Equal Pay Day: Es mangelt weiter an Transparenz

Eine aktuelle Studie zum Equal Pay Day zeigt, dass Frauen deutlich weniger Selbstvertrauen am Arbeitsplatz zu haben scheinen als männliche Kollegen, wenn es darum geht, über Gehalt zu sprechen. Auch das Lohngefälle zwischen Frauen und Männern ist längst nicht gelöst.
Nichtmals die Hälfte der Arbeitnehmerinnen in Deutschland glaubt, dass ihr Arbeitgeber genug tut, um das geschlechtsspezifische Lohngefälle zu beseitigen. ©Imago

Am 7. März ist der Equal Pay Day 2022. Der internationale Aktionstag rückt das Lohngefälle zwischen den Geschlechtern in den Fokus und markiert den Zeitpunkt, bis zu dem Frauen im Vergleich zu Männern durchschnittlich unentgeltlich im jeweiligen Jahr die gleiche Arbeit geleistet haben.

Insbesondere Frauen fällt es oft schwer, am Arbeitsplatz selbstsicher zu sein und die eigenen Leistungen anzuerkennen. Dieses Empfinden wird als „Confidence Gap“ bezeichnet. Im Rahmen einer aktuellen Studie stimmen 53 Prozent der Frauen und 41 Prozent der Männer zu, dass es ein Selbstvertrauensdefizit zwischen Mann und Frau am Arbeitsplatz gibt.

Bei der von One Poll im Auftrag von Glassdoor durchgeführten Studie wurden vom 10. bis 16. Februar 1000 Arbeitnehmer*innen aus Deutschland befragt, die in Vollzeit erwerbstätig waren, Selbstständige ausgenommen.

Frauen zurückhaltender bei Gehaltsverhandlungen

Ein weiteres Ergebnis der Studie: Während ganze 66 Prozent der Männer selbstsicher in Verhandlungsgespräche zu Gehalt, Boni oder Teuerungszulagen hineingehen, legen gerade einmal 47 Prozent der Frauen eine vergleichbare Selbstsicherheit an den Tag.
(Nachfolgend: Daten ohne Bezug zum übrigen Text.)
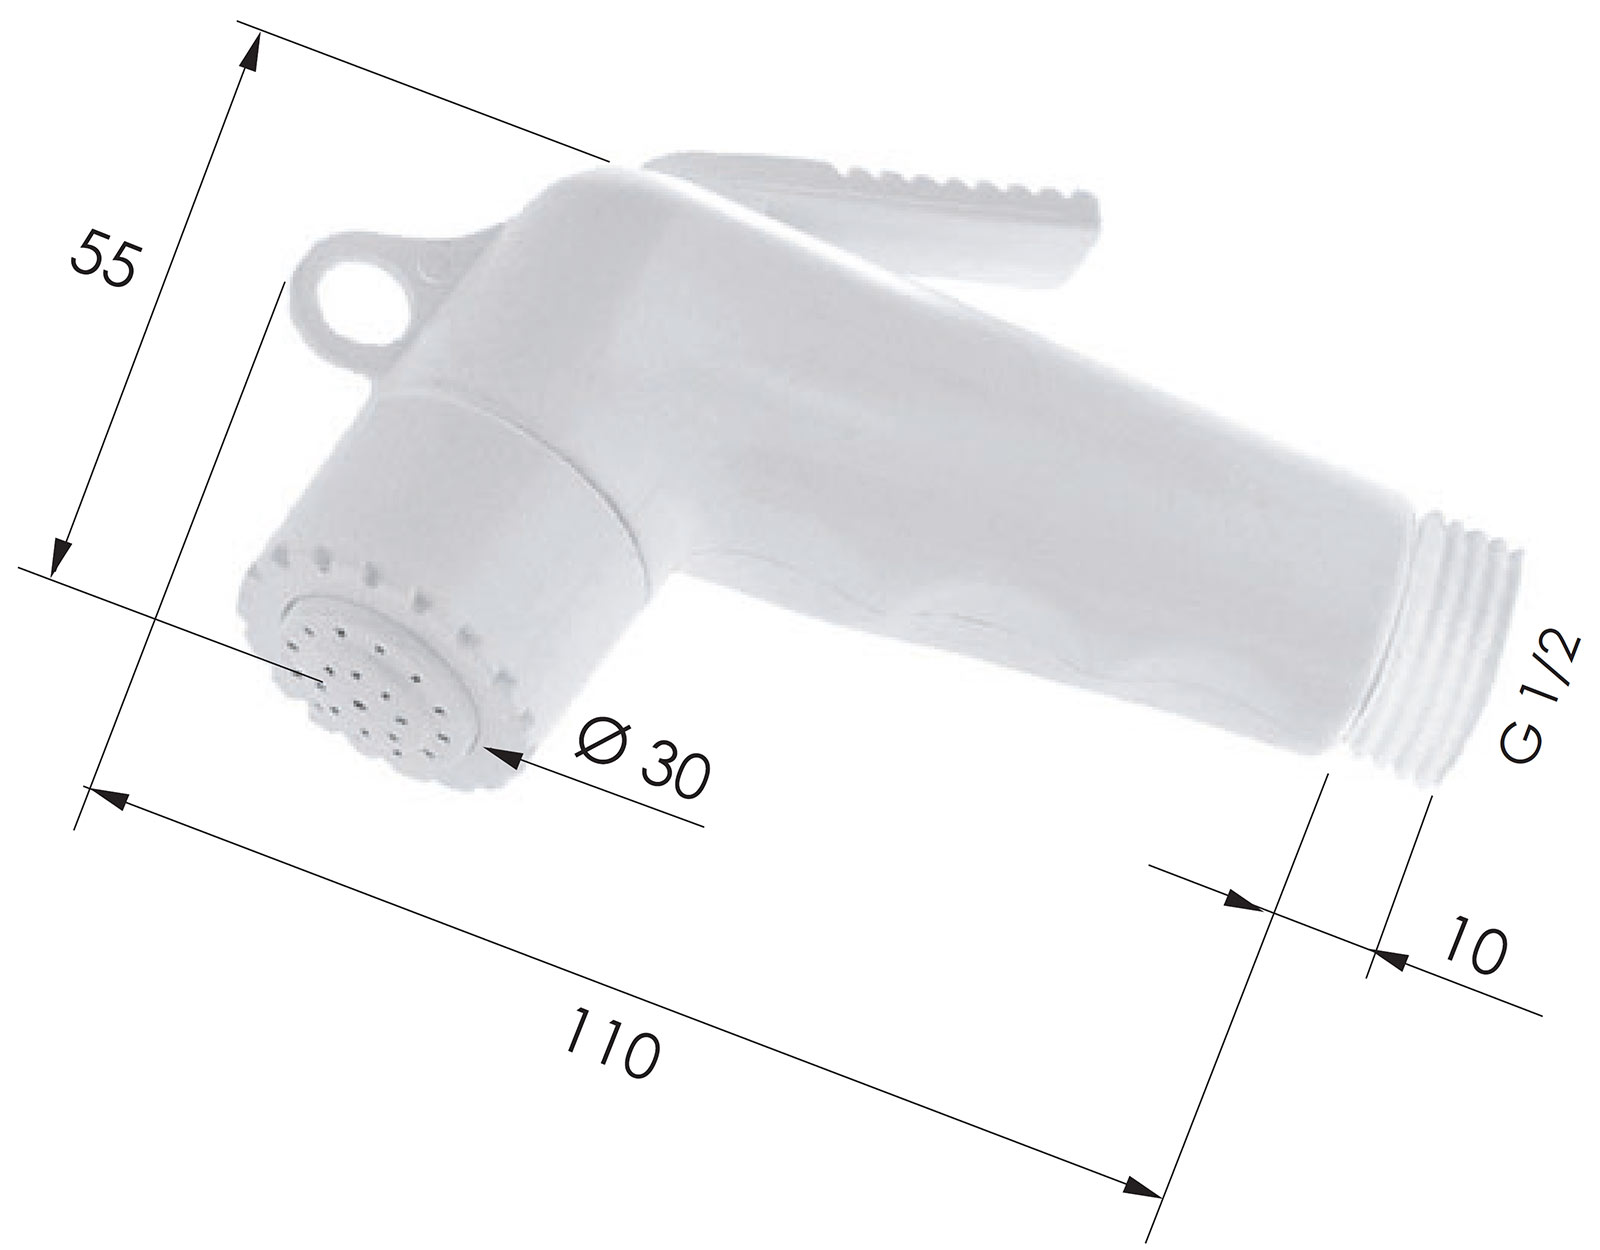 Remer 332DPBN Гигиенический душ пластиковый (белый)

Jedoch sind 73 Prozent der Frauen der Ansicht, dass sie aktuell eine Gehaltserhöhung verdient hätten und 41 Prozent sagen, dass ihre Zurückhaltung bei Gehaltsverhandlungen ihr Einkommen in der eigenen Karriere beeinflusst habe.

Die Umfrage zeigt zudem, dass Unternehmen mehr tun könnten, um den Arbeitnehmer*innen zu helfen, Gespräche über Geld zu führen. Nur eine*r von zwei Arbeitnehmer*innen glaubt, dass ihr Arbeitgeber die Gehaltsstruktur transparent darstellt. Dennoch sind 63 Prozent der Meinung, dass eine Gehaltstransparenz gut für das Geschäft ist. Und 67 Prozent glauben, dass sie gut für die Zufriedenheit der Mitarbeitenden ist.

Gender-Pay-Gap noch immer spürbar

„Bis heute ist das Thema Gehaltsverhandlungen vielen Menschen und hauptsächlich Frauen unangenehm. Unsere Umfrage hat ergeben, dass die anhaltende mangelnde Transparenz um das Gehalt Frauen am Arbeitsplatz benachteiligt“, sagt Jill Cotton, Karriere-Expertin bei Glassdoor.

Das Problem: Laut Studie trauen sich 40 Prozent der Arbeitnehmerinnen nicht, über ihr Gehalt zu verhandeln, und nur 46 Prozent glauben, dass ihr Arbeitgeber genug tut, um das geschlechtsspezifische Lohngefälle zu beseitigen. Darüber hinaus ist eine von vier Frauen der Ansicht, ihr Unternehmen lege bis heute keinen Wert auf einen Ausgleich des Lohngefälles.